### Exercise goal
Every line of the listing below should be written out exactly, minus its images.

### Source material

☆ ☆ ☆

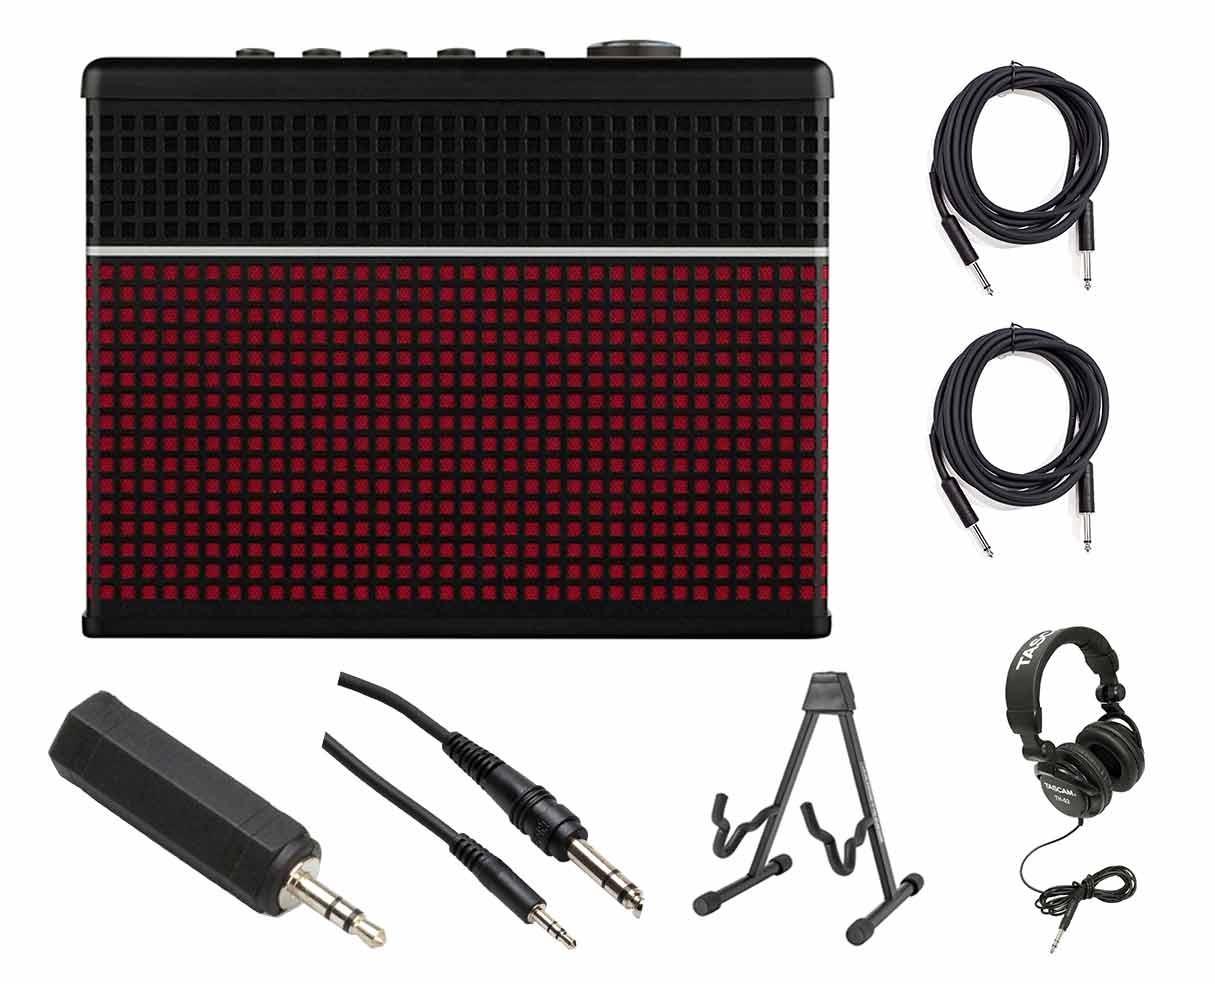 Line 6 Amplifi 30 Compact Stereo Modeling Amp Bonus Bundle
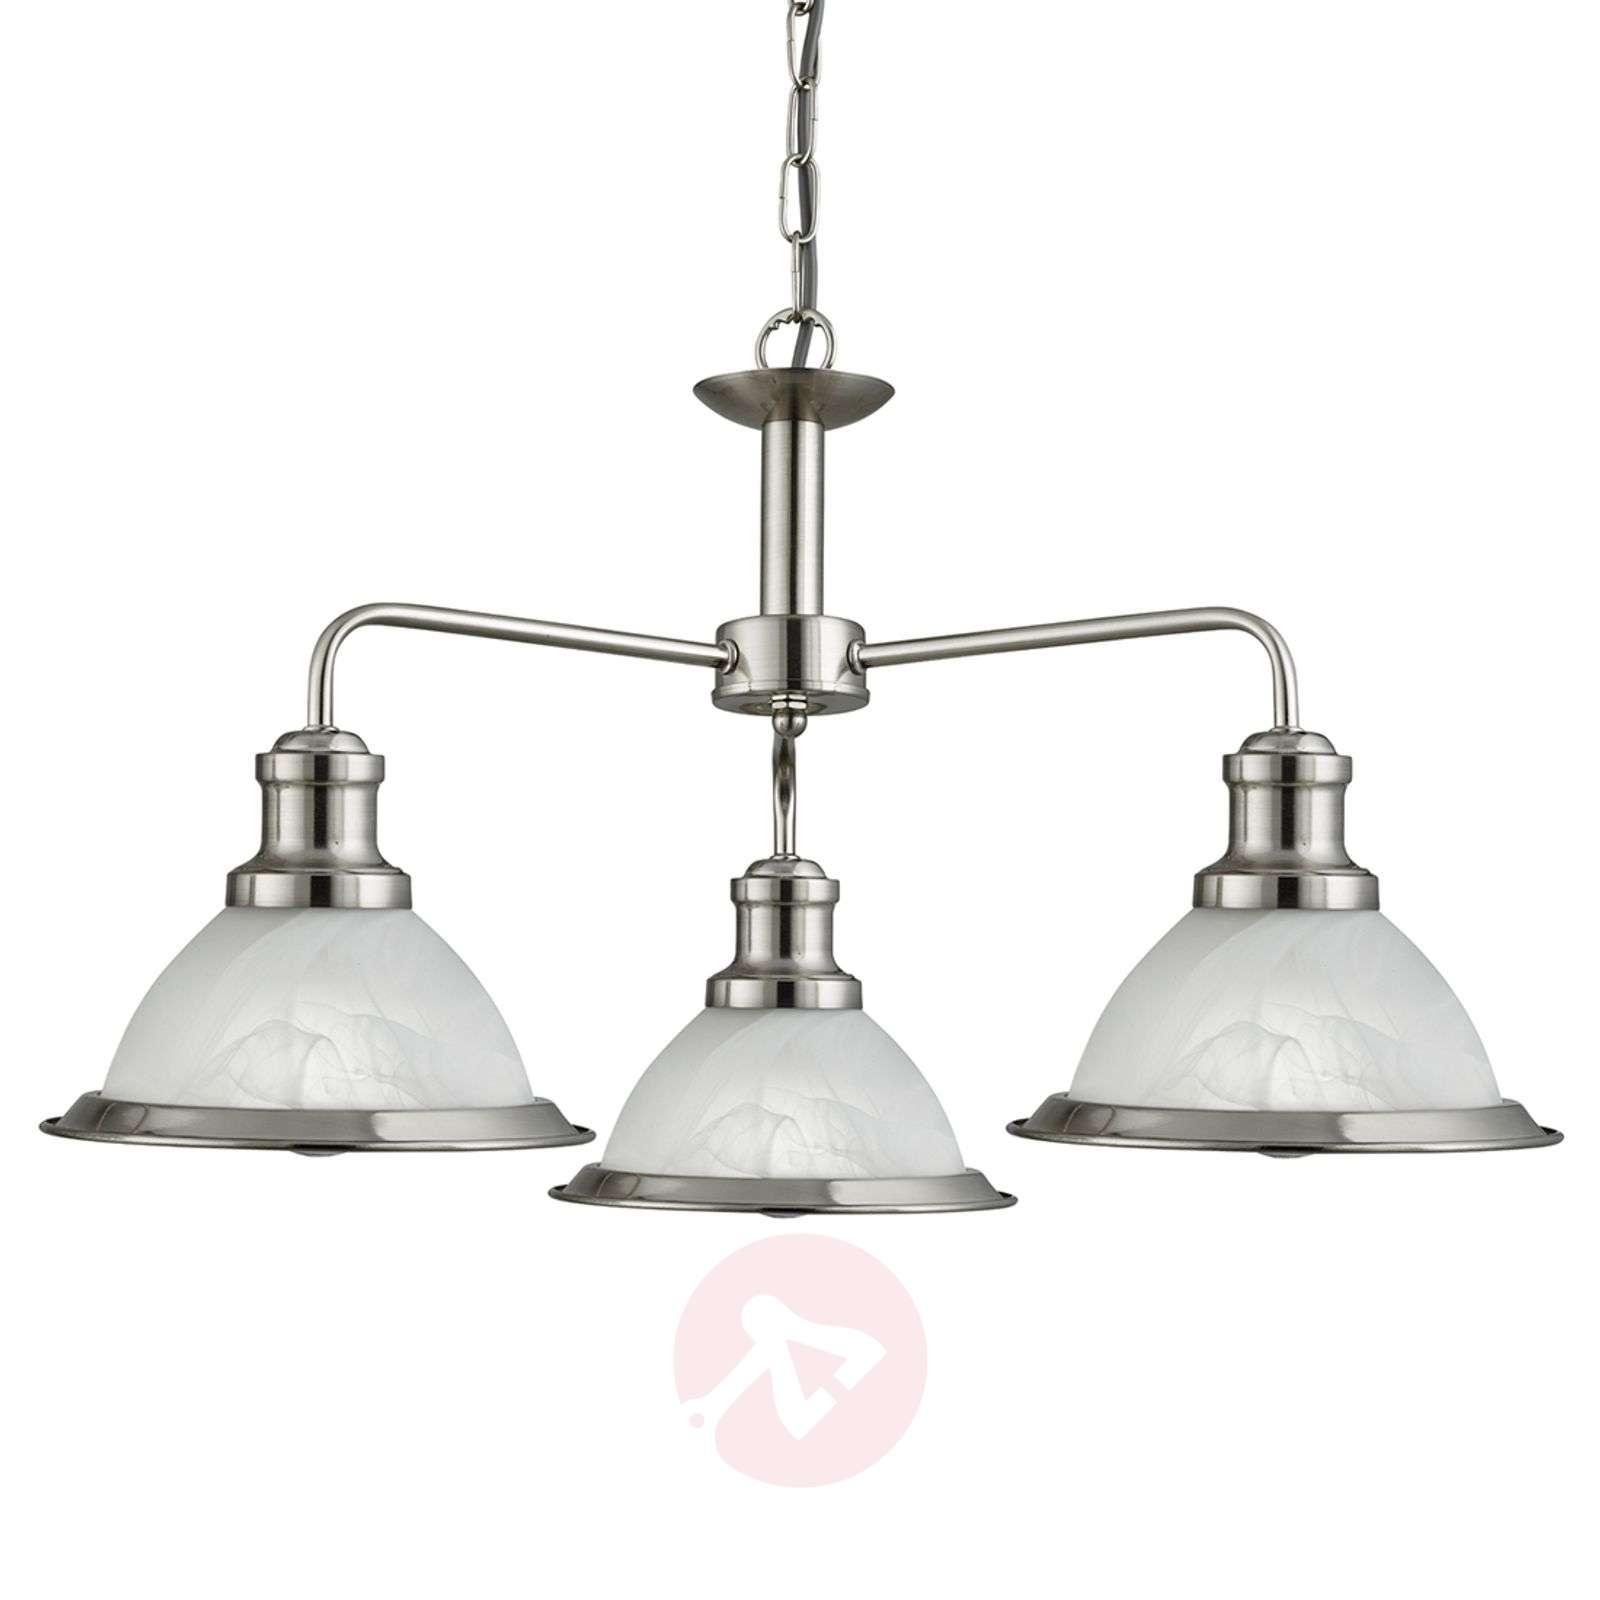 Retro-style 3-bulb Bistro hanging light-8570914-01
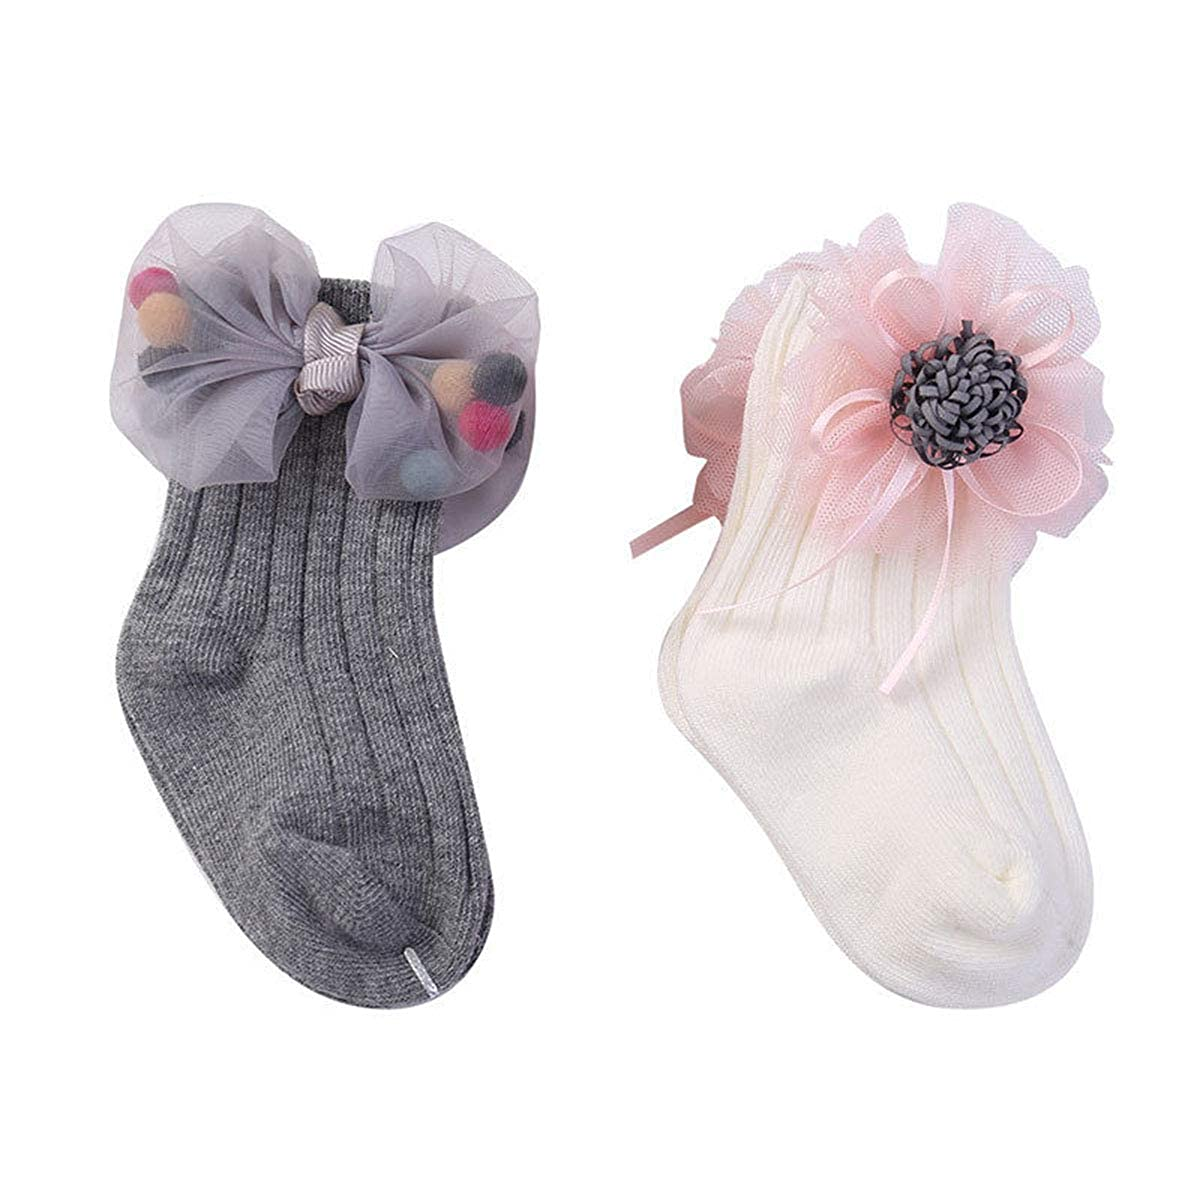 Toddler Baby Boy Girl Cartoon Socks Anti Slip Socks Animal 3D Socks Cotton Rabbit Socks
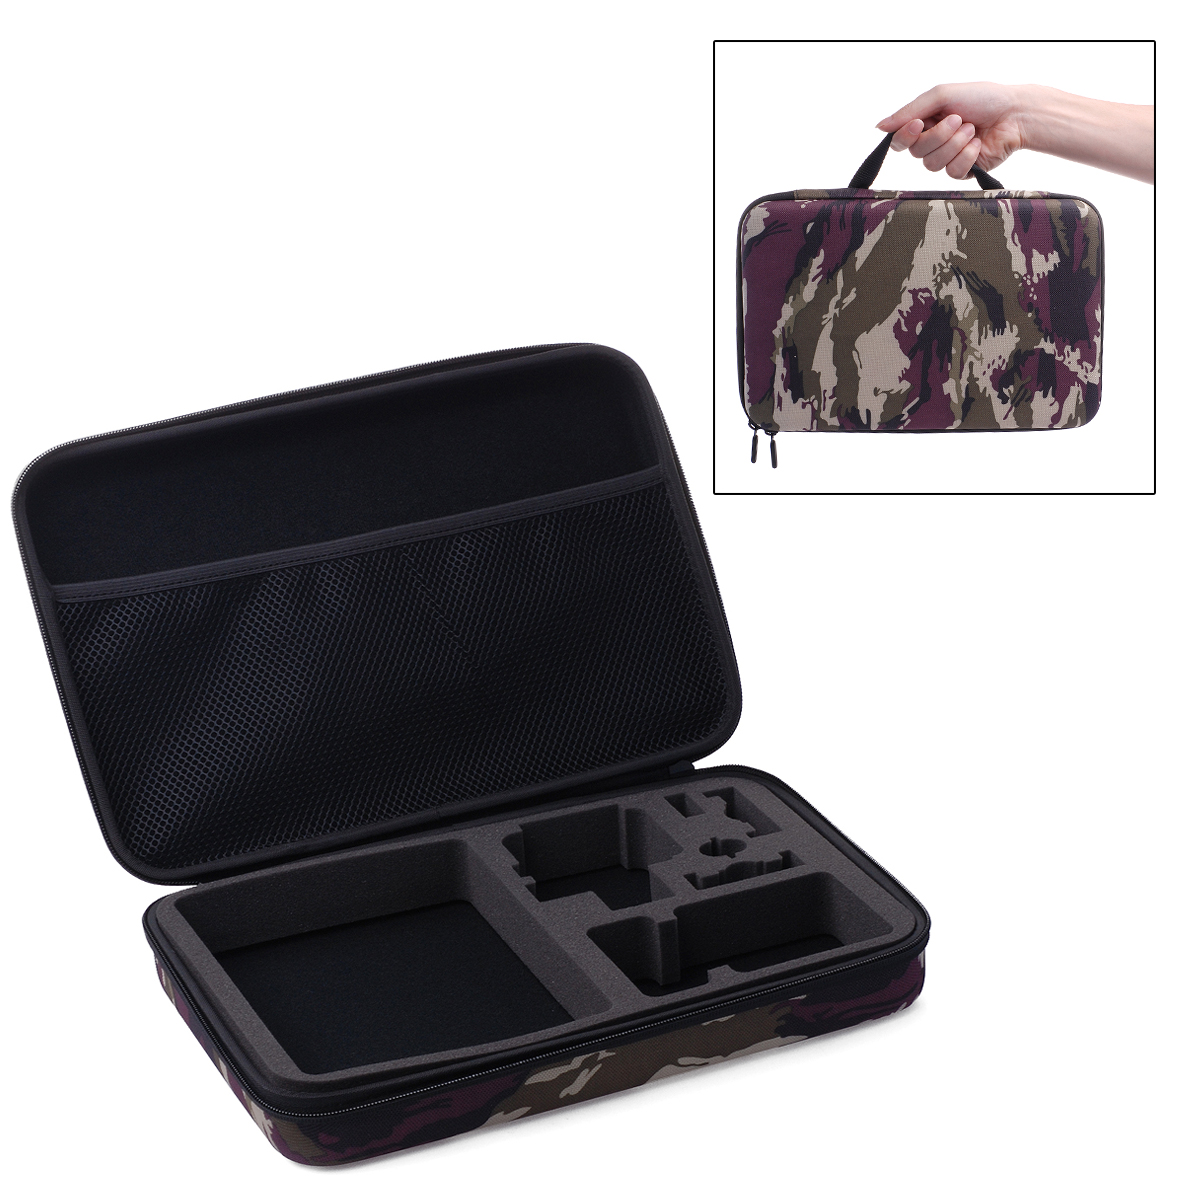 Camo Storage Carry Case Bag for Gopro Hero 3+ 3 2 1 Camera Accessories 32x21x6cm OS159(China (Mainland))

☆ ☆ ☆

### Response
 Line 6 Amplifi 30 Compact Stereo Modeling Amp Bonus Bundle
 Retro-style 3-bulb Bistro hanging light-8570914-01
 Toddler Baby Boy Girl Cartoon Socks Anti Slip Socks Animal 3D Socks Cotton Rabbit Socks
 Camo Storage Carry Case Bag for Gopro Hero 3+ 3 2 1 Camera Accessories 32x21x6cm OS159(China (Mainland))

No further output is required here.